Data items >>
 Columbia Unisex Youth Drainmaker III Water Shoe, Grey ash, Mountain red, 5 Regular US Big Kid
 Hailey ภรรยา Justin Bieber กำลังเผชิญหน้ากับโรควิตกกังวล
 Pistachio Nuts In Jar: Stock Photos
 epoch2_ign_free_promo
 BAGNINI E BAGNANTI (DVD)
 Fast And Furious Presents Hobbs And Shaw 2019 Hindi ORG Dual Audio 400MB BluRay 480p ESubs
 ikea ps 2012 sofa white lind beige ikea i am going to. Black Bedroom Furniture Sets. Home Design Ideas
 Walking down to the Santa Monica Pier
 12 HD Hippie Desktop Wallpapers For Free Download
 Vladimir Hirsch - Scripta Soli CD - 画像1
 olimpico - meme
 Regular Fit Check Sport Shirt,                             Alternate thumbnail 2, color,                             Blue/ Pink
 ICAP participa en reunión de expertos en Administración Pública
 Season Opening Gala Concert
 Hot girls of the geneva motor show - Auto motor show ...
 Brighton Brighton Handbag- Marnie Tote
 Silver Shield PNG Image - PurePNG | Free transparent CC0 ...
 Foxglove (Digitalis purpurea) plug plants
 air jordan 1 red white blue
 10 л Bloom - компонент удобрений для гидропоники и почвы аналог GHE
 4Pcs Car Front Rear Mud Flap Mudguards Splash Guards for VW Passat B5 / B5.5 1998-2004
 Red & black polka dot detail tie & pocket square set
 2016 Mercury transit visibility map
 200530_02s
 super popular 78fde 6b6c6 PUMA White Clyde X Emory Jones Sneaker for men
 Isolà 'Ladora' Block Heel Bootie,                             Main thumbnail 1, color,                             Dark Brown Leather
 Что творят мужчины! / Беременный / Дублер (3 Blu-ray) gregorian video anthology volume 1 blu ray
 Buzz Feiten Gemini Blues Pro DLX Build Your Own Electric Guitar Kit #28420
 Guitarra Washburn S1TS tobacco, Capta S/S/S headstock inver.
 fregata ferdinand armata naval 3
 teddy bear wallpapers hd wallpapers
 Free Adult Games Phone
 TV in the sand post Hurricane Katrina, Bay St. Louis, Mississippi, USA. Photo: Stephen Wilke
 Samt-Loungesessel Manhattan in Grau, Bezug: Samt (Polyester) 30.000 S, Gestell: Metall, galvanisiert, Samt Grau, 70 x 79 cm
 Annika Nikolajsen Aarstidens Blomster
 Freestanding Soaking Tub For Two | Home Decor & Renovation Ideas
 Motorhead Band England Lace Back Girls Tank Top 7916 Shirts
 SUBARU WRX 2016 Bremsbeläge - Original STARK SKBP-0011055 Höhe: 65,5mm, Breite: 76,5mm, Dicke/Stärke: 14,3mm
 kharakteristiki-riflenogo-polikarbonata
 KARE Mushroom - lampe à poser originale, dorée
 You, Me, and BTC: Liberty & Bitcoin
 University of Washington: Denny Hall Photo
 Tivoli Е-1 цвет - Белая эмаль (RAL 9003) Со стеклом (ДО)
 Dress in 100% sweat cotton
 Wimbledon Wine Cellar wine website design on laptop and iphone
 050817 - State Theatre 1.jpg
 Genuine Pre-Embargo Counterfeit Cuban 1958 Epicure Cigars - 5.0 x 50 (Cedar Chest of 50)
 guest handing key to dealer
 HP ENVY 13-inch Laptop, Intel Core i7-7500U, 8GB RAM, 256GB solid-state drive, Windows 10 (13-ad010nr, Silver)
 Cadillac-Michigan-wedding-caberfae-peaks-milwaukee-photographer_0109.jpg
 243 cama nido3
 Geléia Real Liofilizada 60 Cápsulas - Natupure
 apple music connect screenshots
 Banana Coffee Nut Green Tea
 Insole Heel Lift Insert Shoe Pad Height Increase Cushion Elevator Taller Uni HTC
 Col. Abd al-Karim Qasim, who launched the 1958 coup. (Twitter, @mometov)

EXERCISE DESCRIPTION >>
Your answer must be an exact transcription of the lines from the one containing "Samt-Loungesessel Manhattan in" through the last line of the records above, and nothing else.

TASK RESPONSE >>
 Samt-Loungesessel Manhattan in Grau, Bezug: Samt (Polyester) 30.000 S, Gestell: Metall, galvanisiert, Samt Grau, 70 x 79 cm
 Annika Nikolajsen Aarstidens Blomster
 Freestanding Soaking Tub For Two | Home Decor & Renovation Ideas
 Motorhead Band England Lace Back Girls Tank Top 7916 Shirts
 SUBARU WRX 2016 Bremsbeläge - Original STARK SKBP-0011055 Höhe: 65,5mm, Breite: 76,5mm, Dicke/Stärke: 14,3mm
 kharakteristiki-riflenogo-polikarbonata
 KARE Mushroom - lampe à poser originale, dorée
 You, Me, and BTC: Liberty & Bitcoin
 University of Washington: Denny Hall Photo
 Tivoli Е-1 цвет - Белая эмаль (RAL 9003) Со стеклом (ДО)
 Dress in 100% sweat cotton
 Wimbledon Wine Cellar wine website design on laptop and iphone
 050817 - State Theatre 1.jpg
 Genuine Pre-Embargo Counterfeit Cuban 1958 Epicure Cigars - 5.0 x 50 (Cedar Chest of 50)
 guest handing key to dealer
 HP ENVY 13-inch Laptop, Intel Core i7-7500U, 8GB RAM, 256GB solid-state drive, Windows 10 (13-ad010nr, Silver)
 Cadillac-Michigan-wedding-caberfae-peaks-milwaukee-photographer_0109.jpg
 243 cama nido3
 Geléia Real Liofilizada 60 Cápsulas - Natupure
 apple music connect screenshots
 Banana Coffee Nut Green Tea
 Insole Heel Lift Insert Shoe Pad Height Increase Cushion Elevator Taller Uni HTC
 Col. Abd al-Karim Qasim, who launched the 1958 coup. (Twitter, @mometov)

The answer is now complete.